The output is the lines below from the one with "Paris Texas Portofino" through the one with "Honigbiene, Honig-Biene, Europäische", both included, printed exactly and with no other line.
━━━━━ DATA SECTION ━━━━━
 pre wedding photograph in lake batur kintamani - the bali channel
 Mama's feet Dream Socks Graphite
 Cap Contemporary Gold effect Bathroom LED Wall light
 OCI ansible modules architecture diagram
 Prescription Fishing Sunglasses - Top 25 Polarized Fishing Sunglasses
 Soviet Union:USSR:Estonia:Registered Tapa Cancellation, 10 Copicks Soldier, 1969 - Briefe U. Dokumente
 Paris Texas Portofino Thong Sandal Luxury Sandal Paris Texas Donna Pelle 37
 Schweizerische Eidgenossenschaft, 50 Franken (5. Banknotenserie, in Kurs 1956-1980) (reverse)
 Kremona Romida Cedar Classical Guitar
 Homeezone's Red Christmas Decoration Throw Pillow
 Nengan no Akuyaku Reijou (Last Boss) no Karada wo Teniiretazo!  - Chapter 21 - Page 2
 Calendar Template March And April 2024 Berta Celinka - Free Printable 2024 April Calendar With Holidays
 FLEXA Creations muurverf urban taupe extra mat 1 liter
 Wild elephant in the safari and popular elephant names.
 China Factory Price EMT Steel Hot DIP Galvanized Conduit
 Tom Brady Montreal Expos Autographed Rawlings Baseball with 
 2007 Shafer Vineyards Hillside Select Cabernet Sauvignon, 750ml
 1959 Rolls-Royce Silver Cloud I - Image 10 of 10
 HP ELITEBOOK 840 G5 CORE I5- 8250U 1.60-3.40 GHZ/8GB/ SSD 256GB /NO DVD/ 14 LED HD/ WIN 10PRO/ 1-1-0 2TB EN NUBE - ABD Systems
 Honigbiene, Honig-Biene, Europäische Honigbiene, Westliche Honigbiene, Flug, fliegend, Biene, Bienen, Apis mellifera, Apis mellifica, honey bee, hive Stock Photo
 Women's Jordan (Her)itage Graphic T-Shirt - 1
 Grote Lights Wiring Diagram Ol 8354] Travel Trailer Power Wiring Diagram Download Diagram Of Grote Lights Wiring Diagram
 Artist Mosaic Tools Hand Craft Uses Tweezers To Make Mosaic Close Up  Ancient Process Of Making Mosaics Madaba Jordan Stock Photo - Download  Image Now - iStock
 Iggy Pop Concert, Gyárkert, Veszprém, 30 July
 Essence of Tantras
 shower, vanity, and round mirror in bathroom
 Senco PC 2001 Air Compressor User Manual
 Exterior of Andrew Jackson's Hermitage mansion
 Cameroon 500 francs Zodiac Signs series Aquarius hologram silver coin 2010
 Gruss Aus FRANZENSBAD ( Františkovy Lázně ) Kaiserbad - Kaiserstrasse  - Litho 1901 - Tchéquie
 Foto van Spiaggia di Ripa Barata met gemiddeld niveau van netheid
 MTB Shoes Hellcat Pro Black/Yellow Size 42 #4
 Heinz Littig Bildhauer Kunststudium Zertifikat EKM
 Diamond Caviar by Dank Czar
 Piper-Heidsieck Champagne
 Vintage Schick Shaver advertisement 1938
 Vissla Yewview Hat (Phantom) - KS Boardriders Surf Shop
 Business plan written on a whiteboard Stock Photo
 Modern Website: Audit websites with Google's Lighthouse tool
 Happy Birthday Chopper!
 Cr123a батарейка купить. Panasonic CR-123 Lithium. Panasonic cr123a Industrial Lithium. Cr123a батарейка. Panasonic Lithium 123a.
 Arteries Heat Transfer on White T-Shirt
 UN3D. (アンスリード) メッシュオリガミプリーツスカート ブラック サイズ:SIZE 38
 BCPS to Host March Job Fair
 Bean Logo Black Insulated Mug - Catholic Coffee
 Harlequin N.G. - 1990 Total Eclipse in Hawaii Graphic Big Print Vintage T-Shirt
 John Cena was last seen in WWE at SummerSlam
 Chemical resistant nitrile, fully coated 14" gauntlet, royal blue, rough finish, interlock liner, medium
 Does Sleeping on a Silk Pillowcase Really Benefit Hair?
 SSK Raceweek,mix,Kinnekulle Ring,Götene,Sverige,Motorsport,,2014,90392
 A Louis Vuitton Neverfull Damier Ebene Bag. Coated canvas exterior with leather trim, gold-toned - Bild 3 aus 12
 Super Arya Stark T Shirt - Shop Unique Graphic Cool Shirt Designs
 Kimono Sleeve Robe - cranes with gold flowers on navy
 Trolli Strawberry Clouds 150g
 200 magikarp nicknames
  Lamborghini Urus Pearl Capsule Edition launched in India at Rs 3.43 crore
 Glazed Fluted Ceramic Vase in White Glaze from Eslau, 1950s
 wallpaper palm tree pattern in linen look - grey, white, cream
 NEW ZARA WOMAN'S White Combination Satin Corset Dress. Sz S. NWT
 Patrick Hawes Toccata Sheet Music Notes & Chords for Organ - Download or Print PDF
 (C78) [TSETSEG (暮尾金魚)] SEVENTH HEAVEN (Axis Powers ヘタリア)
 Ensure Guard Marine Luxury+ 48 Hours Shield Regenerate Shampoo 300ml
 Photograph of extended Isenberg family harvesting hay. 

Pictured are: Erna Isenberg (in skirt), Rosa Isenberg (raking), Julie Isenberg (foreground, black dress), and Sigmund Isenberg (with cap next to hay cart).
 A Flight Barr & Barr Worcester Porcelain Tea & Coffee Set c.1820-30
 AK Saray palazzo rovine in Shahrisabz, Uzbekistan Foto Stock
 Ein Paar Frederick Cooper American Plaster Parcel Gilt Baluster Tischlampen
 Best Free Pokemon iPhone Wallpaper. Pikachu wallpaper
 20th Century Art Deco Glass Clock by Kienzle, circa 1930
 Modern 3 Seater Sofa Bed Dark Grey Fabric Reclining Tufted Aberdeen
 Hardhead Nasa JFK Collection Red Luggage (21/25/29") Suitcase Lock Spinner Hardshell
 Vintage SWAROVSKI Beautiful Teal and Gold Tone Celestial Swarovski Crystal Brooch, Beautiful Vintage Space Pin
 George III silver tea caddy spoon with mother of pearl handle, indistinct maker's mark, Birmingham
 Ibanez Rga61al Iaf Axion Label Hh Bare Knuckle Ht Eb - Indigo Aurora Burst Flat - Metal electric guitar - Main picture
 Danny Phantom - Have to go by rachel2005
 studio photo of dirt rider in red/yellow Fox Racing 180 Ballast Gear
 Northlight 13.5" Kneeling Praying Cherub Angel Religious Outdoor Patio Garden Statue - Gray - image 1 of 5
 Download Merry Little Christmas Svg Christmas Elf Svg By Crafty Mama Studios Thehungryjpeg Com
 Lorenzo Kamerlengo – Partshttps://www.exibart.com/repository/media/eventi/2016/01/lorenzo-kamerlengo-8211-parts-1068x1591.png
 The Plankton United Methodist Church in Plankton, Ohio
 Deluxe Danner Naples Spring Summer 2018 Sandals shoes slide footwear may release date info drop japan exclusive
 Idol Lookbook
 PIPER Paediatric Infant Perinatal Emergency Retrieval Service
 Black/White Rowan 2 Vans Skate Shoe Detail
━━━━━
### EXERCISE OUTPUT
 Paris Texas Portofino Thong Sandal Luxury Sandal Paris Texas Donna Pelle 37
 Schweizerische Eidgenossenschaft, 50 Franken (5. Banknotenserie, in Kurs 1956-1980) (reverse)
 Kremona Romida Cedar Classical Guitar
 Homeezone's Red Christmas Decoration Throw Pillow
 Nengan no Akuyaku Reijou (Last Boss) no Karada wo Teniiretazo!  - Chapter 21 - Page 2
 Calendar Template March And April 2024 Berta Celinka - Free Printable 2024 April Calendar With Holidays
 FLEXA Creations muurverf urban taupe extra mat 1 liter
 Wild elephant in the safari and popular elephant names.
 China Factory Price EMT Steel Hot DIP Galvanized Conduit
 Tom Brady Montreal Expos Autographed Rawlings Baseball with 
 2007 Shafer Vineyards Hillside Select Cabernet Sauvignon, 750ml
 1959 Rolls-Royce Silver Cloud I - Image 10 of 10
 HP ELITEBOOK 840 G5 CORE I5- 8250U 1.60-3.40 GHZ/8GB/ SSD 256GB /NO DVD/ 14 LED HD/ WIN 10PRO/ 1-1-0 2TB EN NUBE - ABD Systems
 Honigbiene, Honig-Biene, Europäische Honigbiene, Westliche Honigbiene, Flug, fliegend, Biene, Bienen, Apis mellifera, Apis mellifica, honey bee, hive Stock Photo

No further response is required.